So, will just one column be a list column, or will every (or almost every) column be a list column? The first case would be more likely to save memory. I would try it out with a subset of your data, and check the results using object.size
or pryr::object_size
.
As a toy example, using a list with one numeric column A
and one numeric list column B
with a 100 entries per A
row, unnesting increases the data size by about 50%:
suppressPackageStartupMessages(library(tidyverse))
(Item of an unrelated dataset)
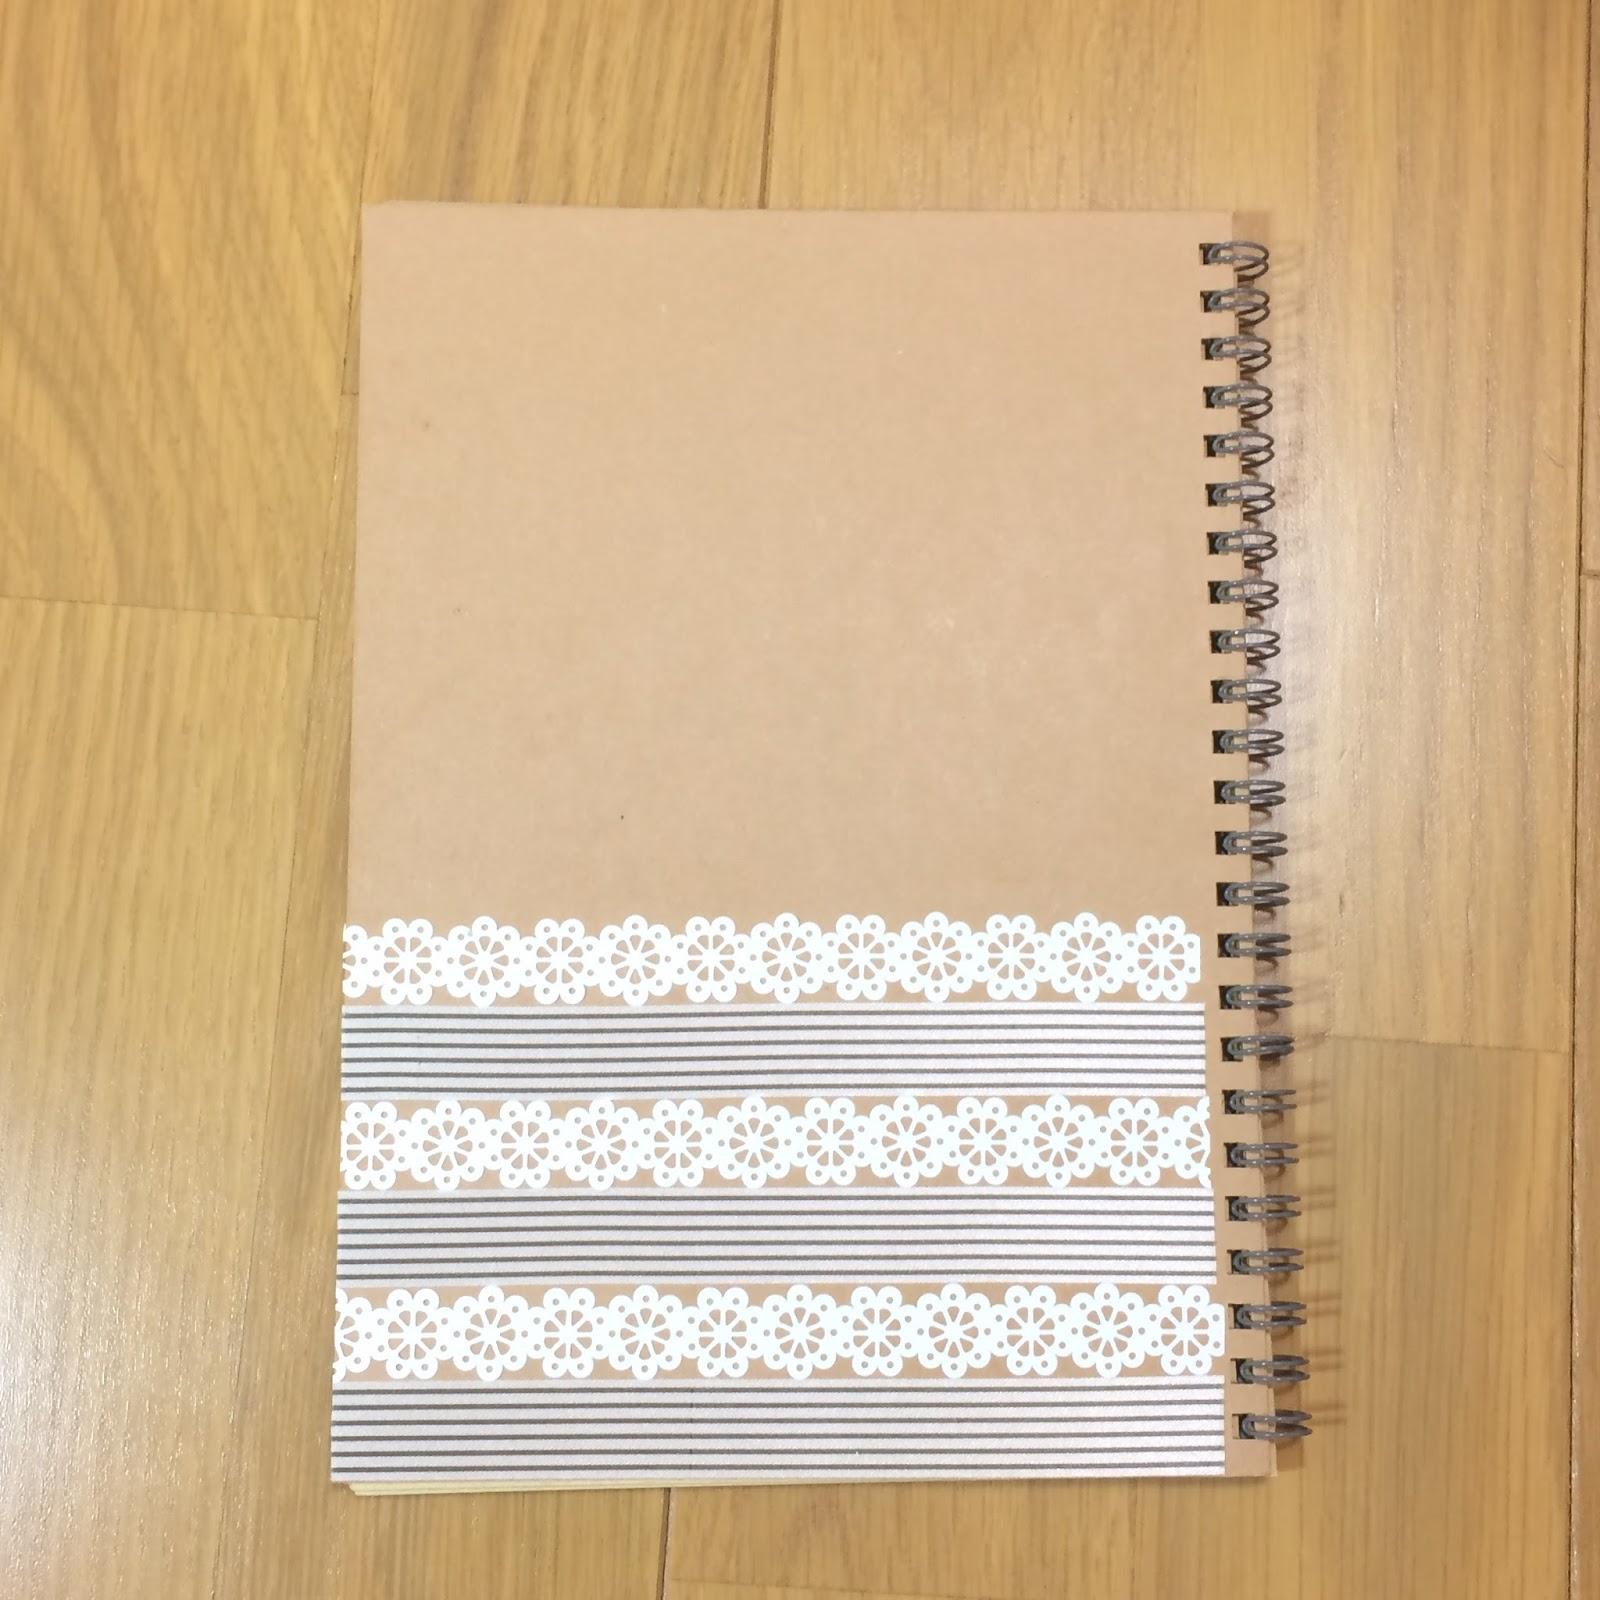 クラフトデスクノート・マンスリー帳をアレンジ12
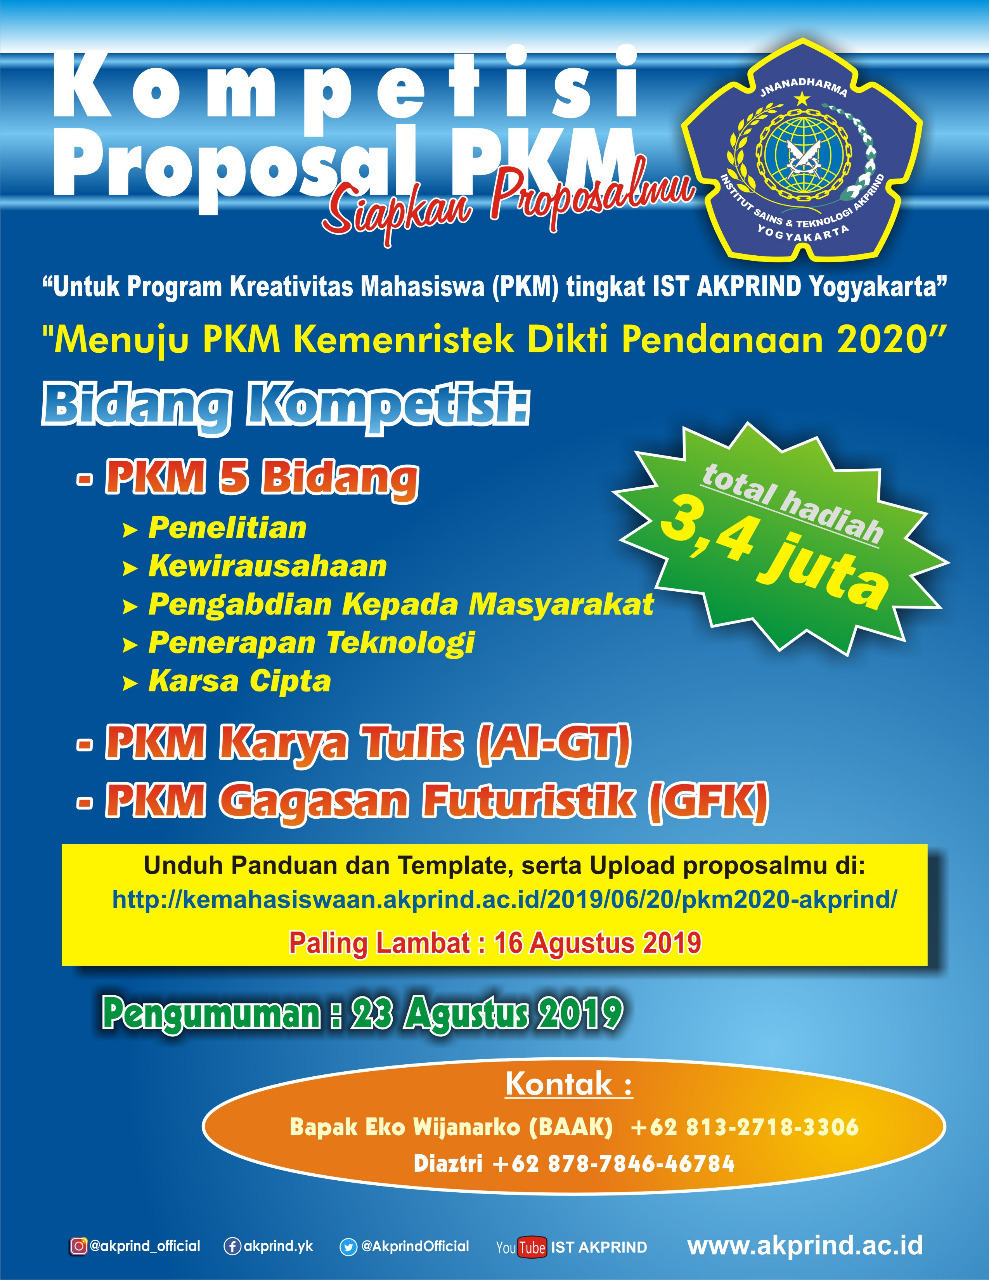 PENGUMUMAN: Kompetisi Internal Program Kreativitas Mahasiswa (PKM) 2019

df_list <- tibble(A = 1:1000L,
B = rerun(1000, rnorm(100)))
df_list
#> # A tibble: 1,000 x 2
#> A B
#> <int> <list>
#> 1 1 <dbl [100]>
#> 2 2 <dbl [100]>
#> 3 3 <dbl [100]>
#> 4 4 <dbl [100]>
#> 5 5 <dbl [100]>
#> 6 6 <dbl [100]>
#> 7 7 <dbl [100]>
#> 8 8 <dbl [100]>
#> 9 9 <dbl [100]>
#> 10 10 <dbl [100]>
#> # ... with 990 more rows
object.size(df_list)
#> 852896 bytes
df_long <- unnest(df_list)
df_long
#> # A tibble: 100,000 x 2
#> A B
#> <int> <dbl>
#> 1 1 1.7545358
#> 2 1 -0.2732362
#> 3 1 0.9484000
#> 4 1 -0.8999221
#> 5 1 1.3951232
#> 6 1 0.9915580
#> 7 1 -0.3650540
#> 8 1 -0.1489101
#> 9 1 1.4596137
#> 10 1 1.5815404
#> # ... with 99,990 more rows
object.size(df_long)
#> 1200896 bytes
So, it might help, but as I said, you should test it out to see if it's worthwhile in your case.